Chainalysis is an American blockchain analysis firm headquartered in New York City. The company was co-founded by Michael Gronager, Jan Møller and Jonathan Levin in 2014, and is the first start-up company dedicated to the business of Bitcoin tracing. It offers compliance and investigation software to analyze the blockchain public ledger, which is primarily used to track virtual currencies. Along with banks and brokers its customers have included the United States Federal Bureau of Investigation, Drug Enforcement Administration, and the Internal Revenue Service Criminal Investigation, as well as the United Kingdom's National Crime Agency.

==History==
Chainalysis was formed to be the official investigator of the hack of cryptocurrency exchange Mt. Gox when Gronager was the COO of Kraken, which was then employed by the bankruptcy trustee for Mt. Gox to investigate the hack. The company was co-founded by Michael Gronager, Jan Møller and Jonathan Levin in 2014.

The company developed proprietary financial crime investigation software which monitors cryptocurrency's public ledger, forming the first full view of transactions on the blockchain.

In March 2021, it partnered with crypto compliance company Notabene to comply with the FATF's Travel Rule across jurisdictions. American business publication Fast Company referred to this partnership one of the top 10 most innovative joint ventures of 2022.

In May 2024, Chainalysis moved its regional headquarters for the Southern Europe, Middle East, Central Asia, and Africa regions to Dubai.

==Noted investigations==
Chainalysis has helped law enforcement recover cryptocurrencies from illegal enterprises, including, in 2020, assisting law enforcement to recover over $1 billion from the take-down of the dark web marketplace Silk Road. In October 2019, the company helped the United States Department of Justice shut down the world's then-largest child abuse website. Chainalysis also aided in the attribution of seven 2021 cryptocurrency thefts to the North Korean Lazarus Group.

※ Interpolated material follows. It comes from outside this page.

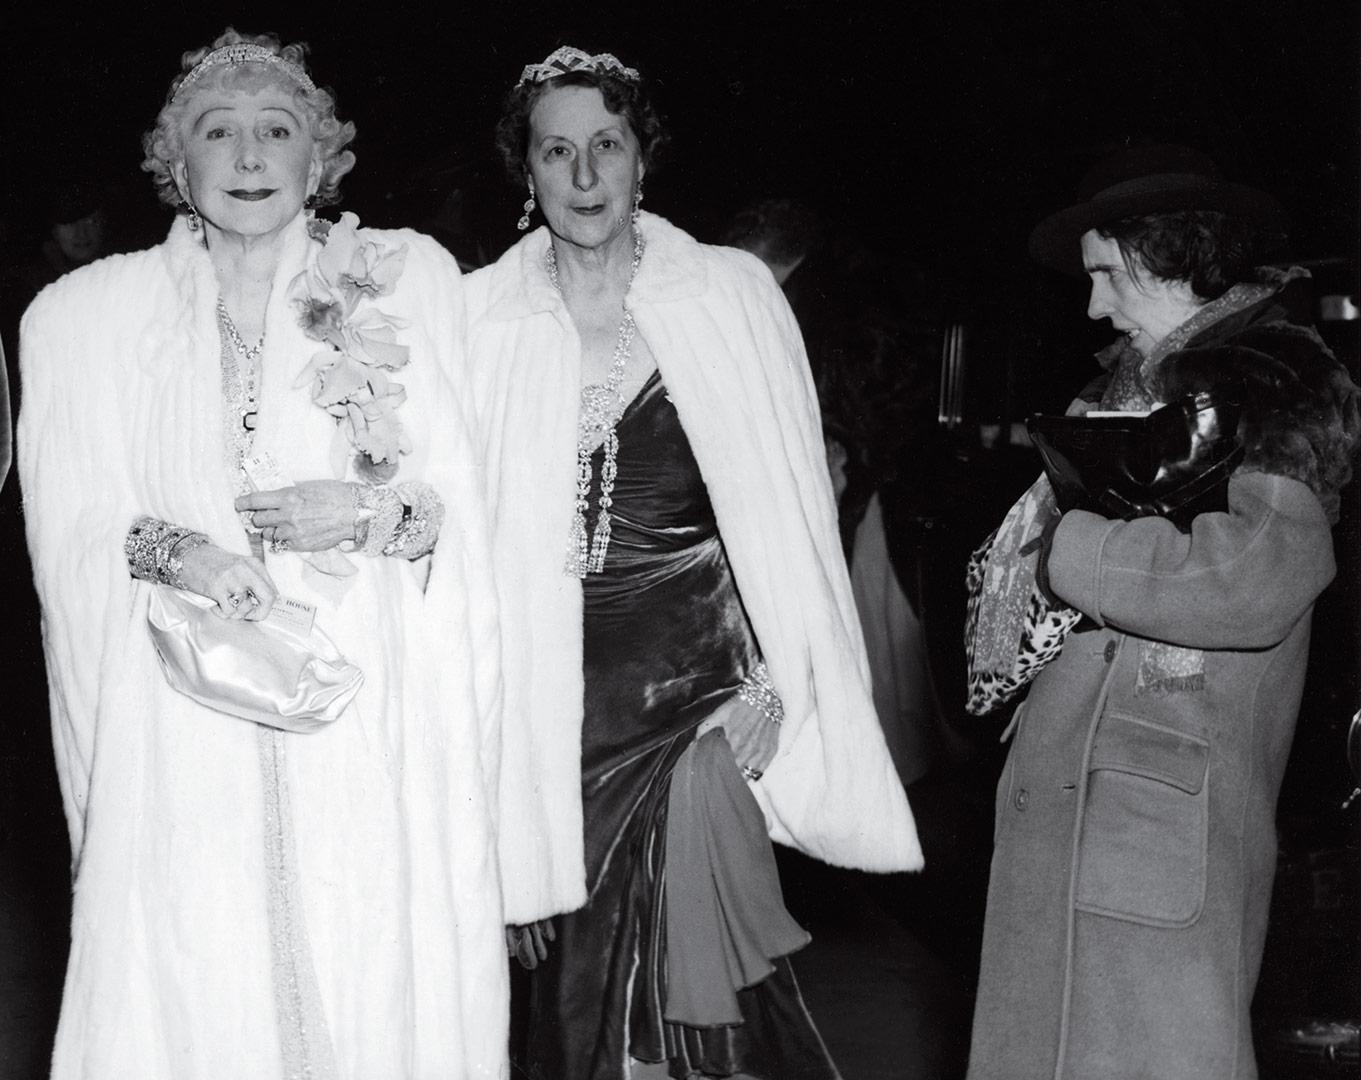 Fotó: Weegee: A kritikus, 1943. december 6. © Time.com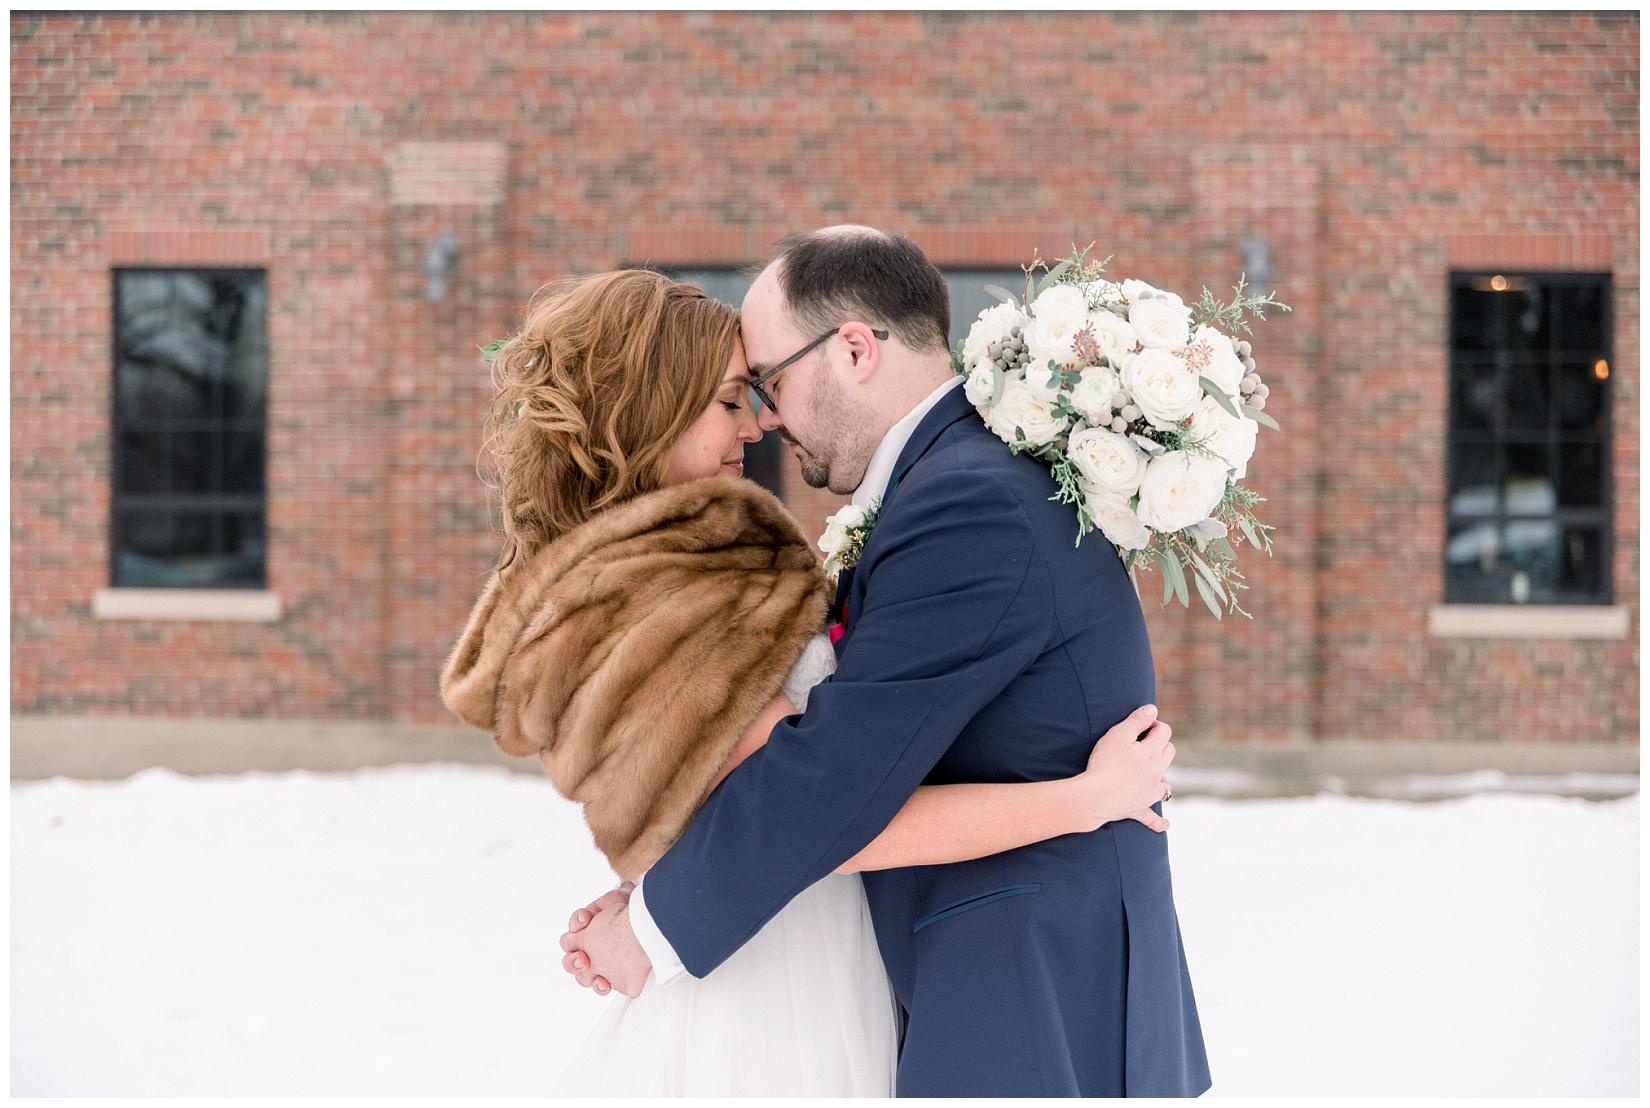 cat-alkire-wedding-photographer-indiana-chicago-indianapolis-fort-wayne_0970.jpg

Working with American investigators and the South Korean National Intelligence Service, the company tracked $100 million stolen from a California cryptocurrency firm Harmony to North Korean hackers, who have stolen billions of dollars from banks and cryptocurrency firms, funding its illegal missile program. $1 million of the stolen funds were recovered in April 2023.

In April 2022, Chainalysis came under intense scrutiny during the trial of Roman Sterlingov, who was accused of operating Bitcoin Fog, one of the oldest and most widely used bitcoin mixing services for anonymizing transactions. The U.S. prosecution based a key part of its case on blockchain analysis conducted by Chainalysis to link historical Bitcoin transactions to Sterlingov and argue that he was the operator of the platform.

Several experts and activists questioned the reliability and methodological transparency of the Chainalysis forensic tools used during the trial, arguing that some of the conclusions were probabilistic and difficult to independently audit. They also pointed out that the case could set a problematic precedent by allowing convictions based on proprietary blockchain analysis without sufficient public scrutiny or technical reproducibility.